Authenticating Users with Active Directory Federation Services

[アーティクル]
02/15/2022

Business Central supports Active Directory Federation Services (AD FS) authentication for authenticating users, without having to use the Access Control Service (ACS). This article walks you through the steps about how to set up AD FS authentication in AD FS Management console, and then how to configure it in Business Central.

Prerequisites

Your deployment must meet the following prerequisites:

Active Directory Federation Services (AD FS) is installed on the computer that you want to prepare as the federation server.

For more information, see Active Directory Federation Services.

To complete the steps in this article, you will need to know the public URL for AD FS server. This URL needs to be accessible from a web browser on the computer that is running the Business Central Server instance.

Note

The steps in this article are based on using the AD FS version on Windows Server 2016, but should also work with earlier versions of AD FS. Be aware that some dialog box references in the steps might be slightly different in earlier versions of AD FS.
A working Business Central deployment that includes the following components:
- Business Central Server.
- Business Central Web Server.
  
  The web server instance must be configured to use SSL (https) for client connections. For more information, see Configuring SSL to Secure the Business Central Web Client Connection
- Dynamics NAV Client connected to Business Central (optional)
- Business Central Server Administration tool (optional)
- Business Central Administration Shell (optional)
Important

The deployment must be configured with security certificates to secure remote connections. For more information, see Using Security Certificates with Business Central On-Premises.

Configure AD FS to allow Business Central authentication

These steps are done by using the AD FS Management console on the server where AD FS is running.

Set up a Relying Party Trust for the Business Central clients

You must complete these steps separately for Business Central Web Server for the Web client and Dynamics NAV Client connected to Business Central.
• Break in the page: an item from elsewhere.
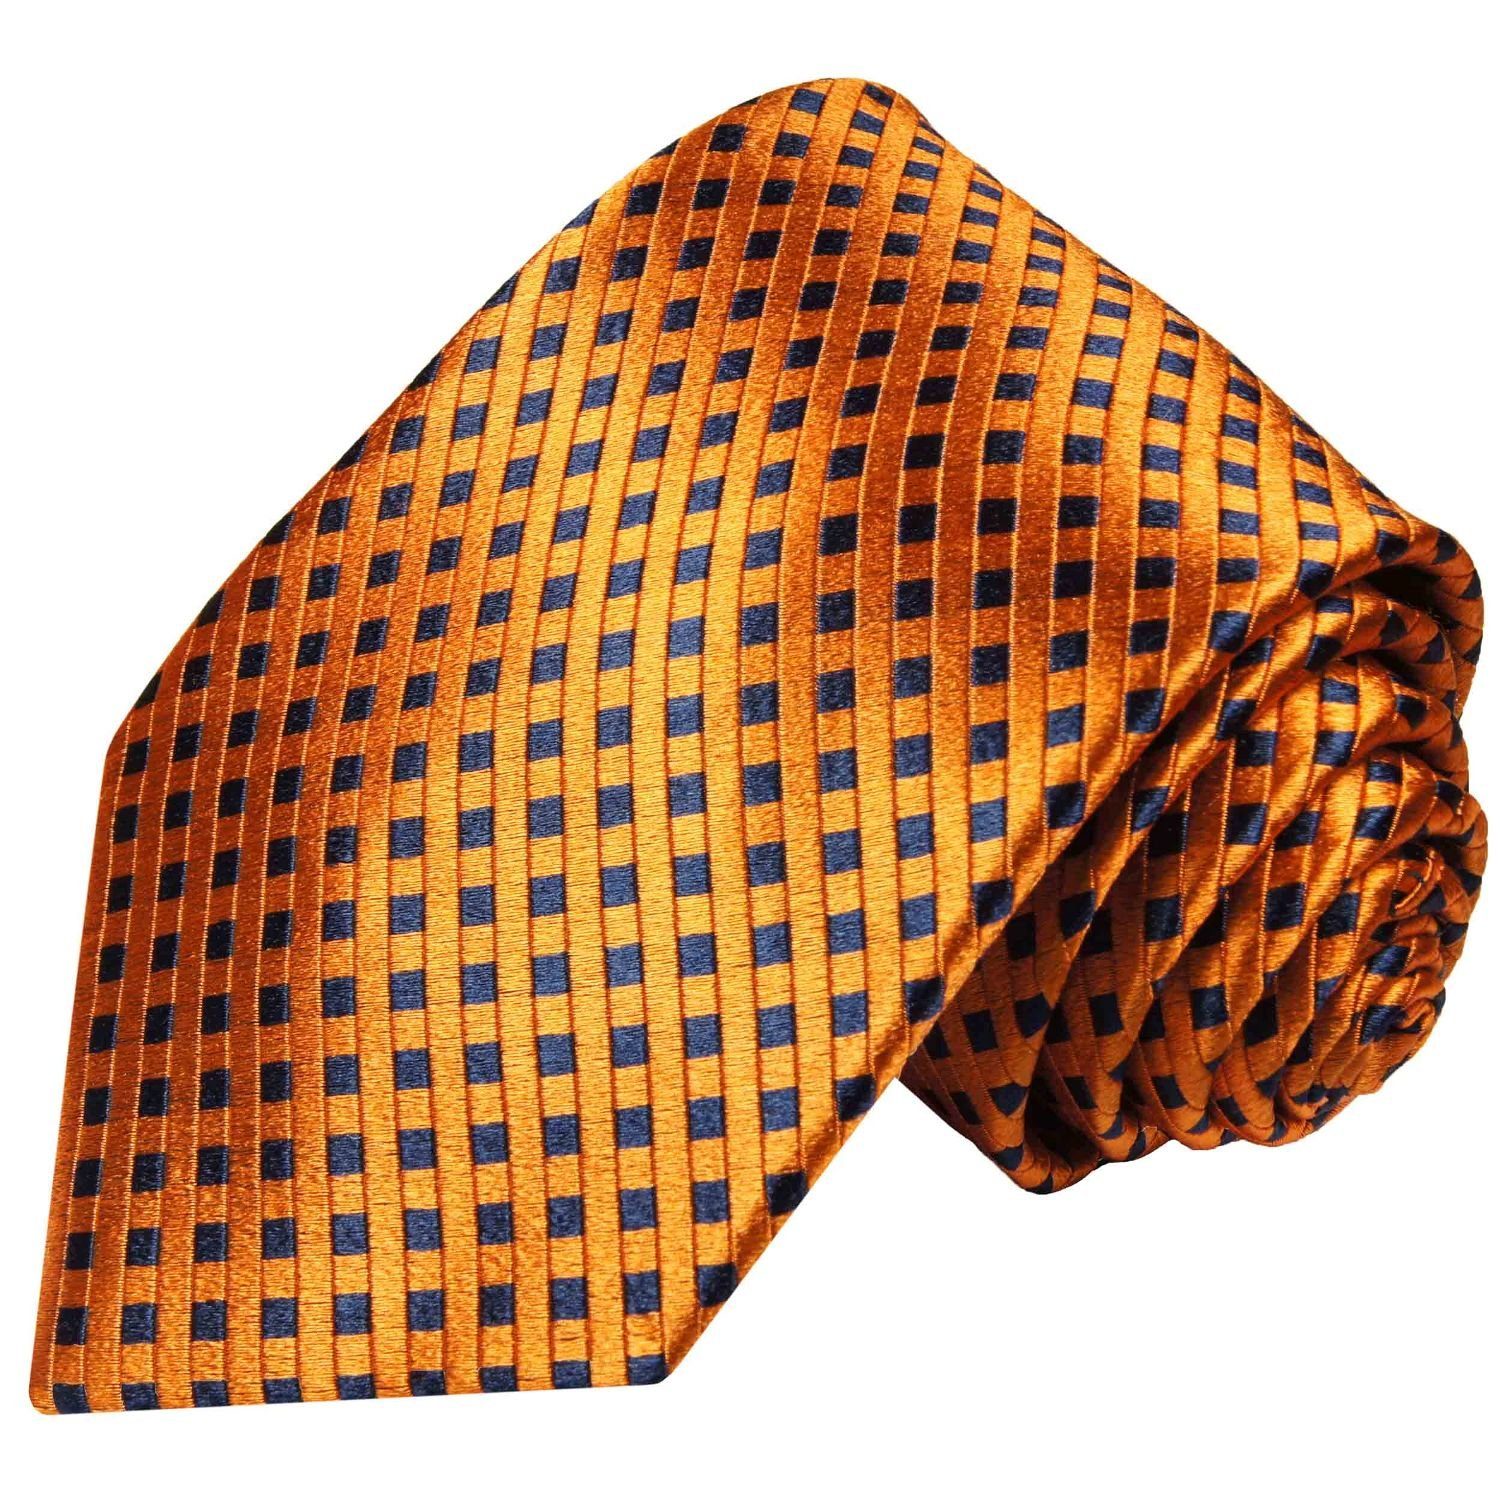 Paul Malone Krawatte Herren Seidenkrawatte Schlips modern kleine Karos 100% Seide Breit (8cm), orange bronze blau 310
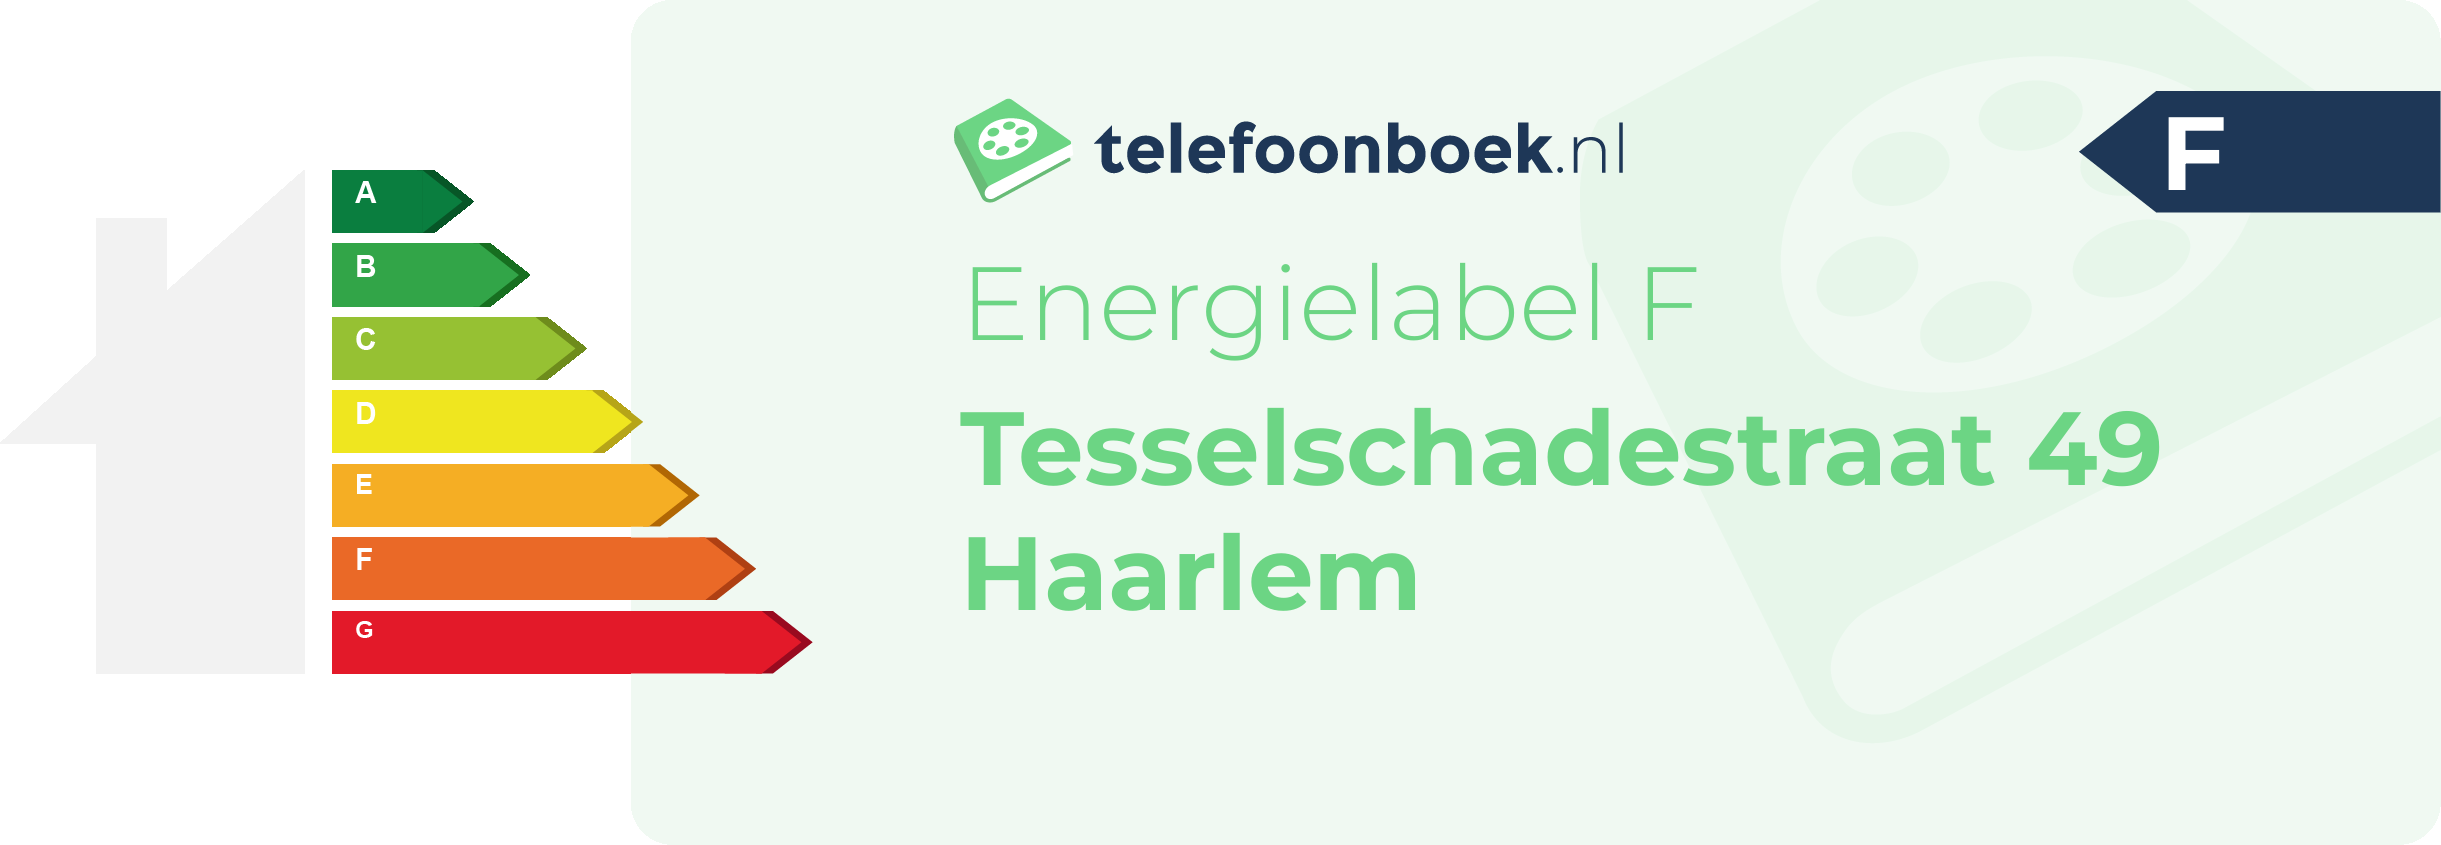 Energielabel Tesselschadestraat 49 Haarlem

Open Server Manager on the computer that is running AD FS, choose AD FS > Tools > AD FS Management.
Right-click Relying Party Trusts, and then choose Add Relying Party Trust.

The Add Relying Party Trust Wizard appears.
In the Welcome step, choose Claims aware, and then choose Start.
In the Select Data Source step, choose Enter data about the relying party manually, and then choose Next.
In the Specify Display Name step, give the relying party a name, such as Business Central Web Client or Dynamics NAV Windows Client, and then choose Next.
In the Configure Certificate step, choose Next to skip specifying the token encryption certificate.

This assumes that the Business Central Web Server is running https.
In the Configure URL step, select the Enable support for the WS-federation Passive protocol check box.

Then, in Relying party WS-Federation Passive Control URL field, enter the URL for the Business Central client according to the following:
- If you are setting up AD FS for the Business Central Web client, set this to the full URL for the Web client. The URL typically has the format:
```
https://<web-server-computer>:<port>/<webserver-instance>
```
  or
```
https://<domain>/<webserver-instance>
```
  Replace <webserver-instance> with the instance name of the Business Central Web Server as defined in IIS for your installation. Make sure that the case matches exactly. For example:
```
https://MyWebServer:443/BC130
```
  or
```
https://corp.sample.com/BC130
```
- If you are setting up AD FS for the Dynamics NAV Client connected to Business Central, you can use any URL as long as it is in the form of a trusted URL https://<name>, such as https://mynavwinclient or https://www.cronus.com. The URL does not have to point to a valid target, it is only used by AD FS to validate the client. For example, you could just use the domain name of your site:
```
https://corp.sample.com
```
Choose Next to continue.

Note

This is the URL to which AD FS will be allowed to issue authentication tokens. The URLs that you specify will be used later on when you configure the Business Central Server and Dynamics NAV Client connected to Business Central.
In the Configure Identifiers step, in the Relying party trust identifier field, remove the Business Central Web client URL , and then add a URL that identifies the client instead. You can use any value as long as it has the for format https:<name>:
- For example, if you are setting up AD FS for the Business Central Web client, you could use the following URL:
```
https://bcwebclient
```
- If you are setting up AD FS for the Dynamics NAV Client connected to Business Central, you could use add the URL:
```
https://dynamicsnavwinclient
```
Choose Next to continue.

Important

This is the URL which is used to identify the relying party, and it has to be unique for the AD FS setup. This URL will be used as the wtrealm parameter in the WSFederationLoginEndpoint setting of the Business Central Server instance configuration (CustomSettings.config file).
In the Choose Access Control Policy step, setup multi-factor authentication if required, and then choose Next.
Review the configuration, and then choose Next.
On the Finish step, select the Configure claims issuance policy for the application check box, and then choose Close.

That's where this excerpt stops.